I am trying to create a generator (iterator which supports doing a next, perhaps using yield in python) which gives all combinations of r elements from {1,2,...n} (n and r are parameters) such that in the selected r elements, no two are consecutive.

For example, for r = 2 and n= 4

The generated combinations are {1,3}, {1,4}, {2, 4}.

I could generate all combinations(as an iterator) and filter those which don't satisfy the criteria, but we will be doing unnecessary work.

Is there some generation algorithm such that the next is O(1) (and if that is not possible, O(r) or O(n)).

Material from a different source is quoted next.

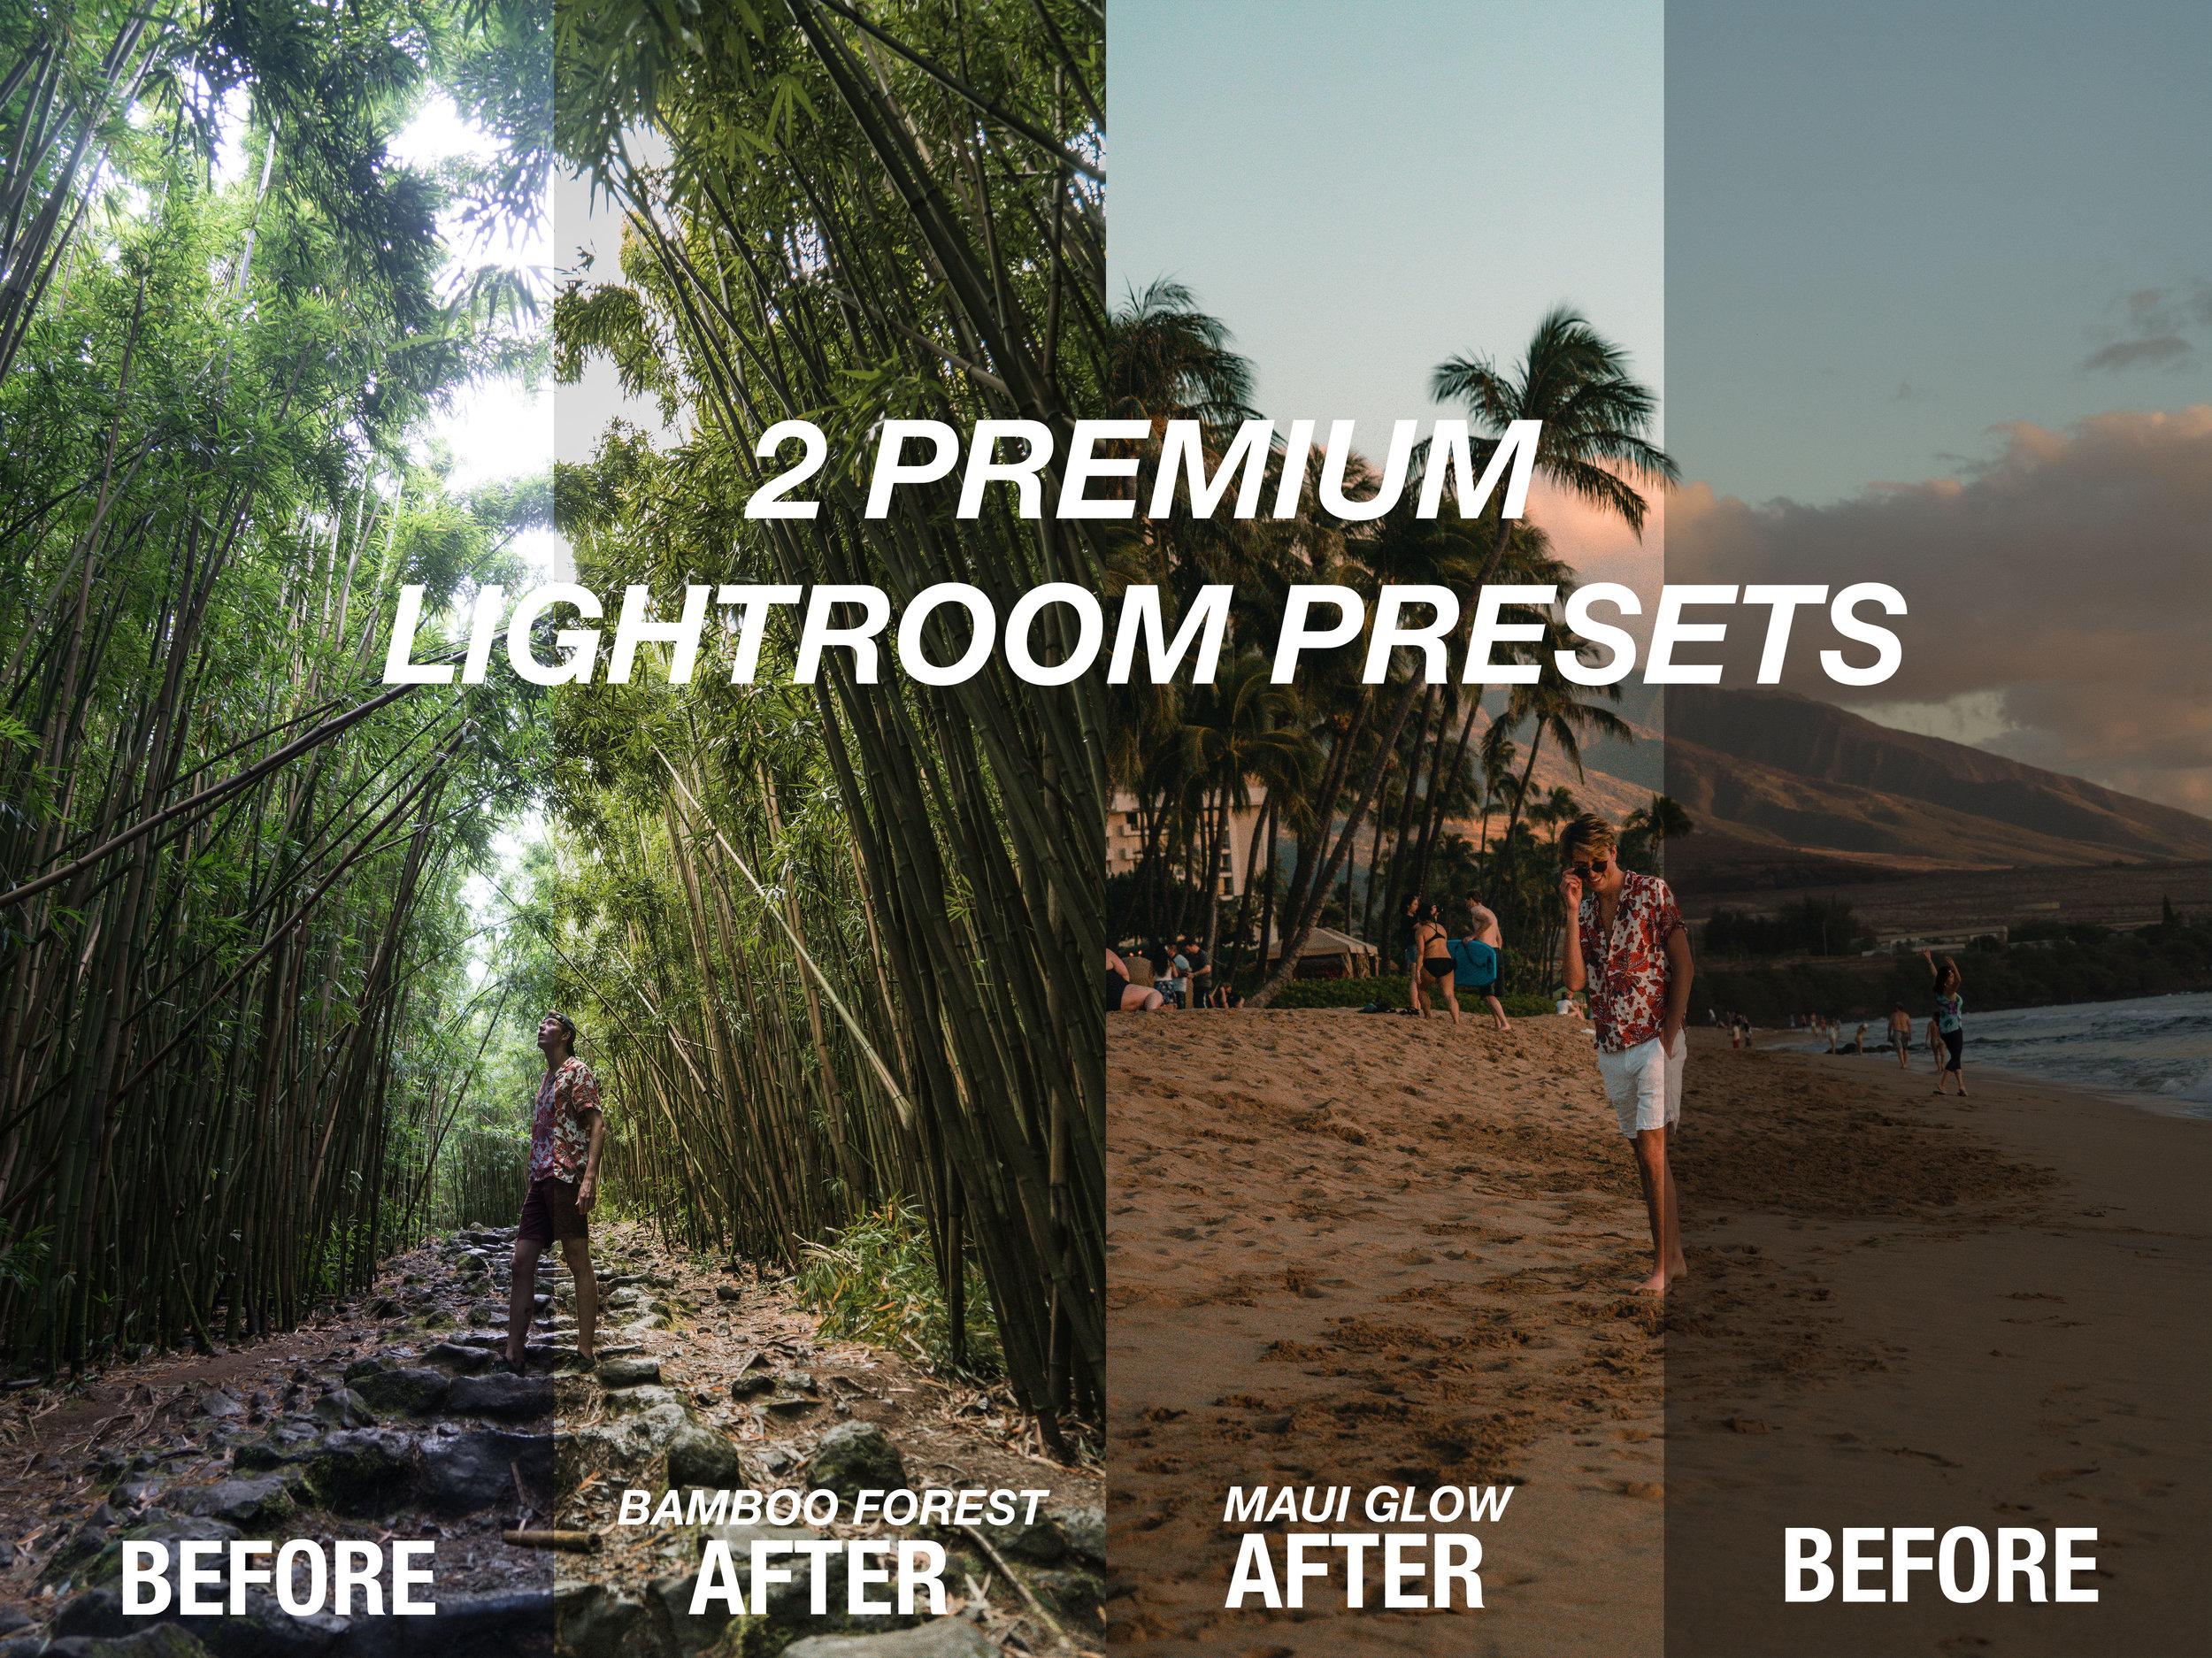 smallerlightroompresets.jpg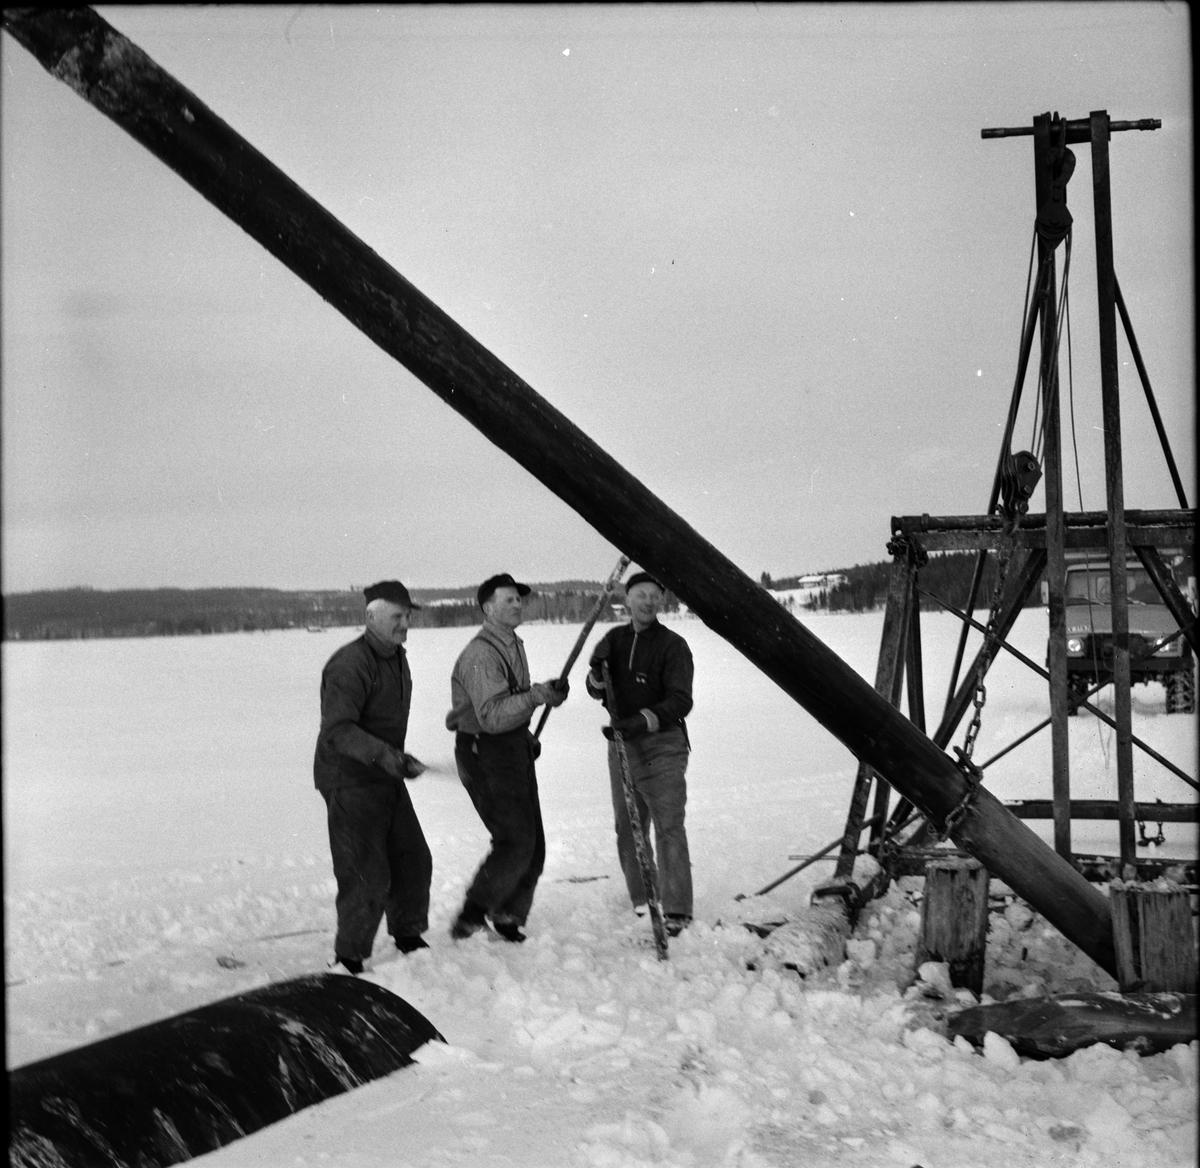 Arbrå, Rensning av Kyrksjön, 20 Februari 1968

The order in which the sets are returned is not relevant (and hopefully will allow an O(1) algorithm).

Note: I have tagged it python, but a language-agnostic algorithm will help too.

Update:

I have found a way to map it to generating pure combinations! A web search reveals that O(1) is possible for combinations (though it seems complicated).

Here is the mapping.

Suppose we have a combination x_1, x_2, ... , x_r with x_1 + 1 < x_2, x_2 + 1 < x_3, ...

We map to y_1, y_2, ..., y_r as follows

y_1 = x_1

y_2 = x_2 - 1

y_3 = x_3 - 2

...

y_r = x_r - (r-1)

This way we have that y_1 < y_2 < y_3 ... without the non-consecutive constraint!

This basically amounts to choosing r elements out of n-r+1. Thus all I need to do is run the generation for (n-r+1 choose r).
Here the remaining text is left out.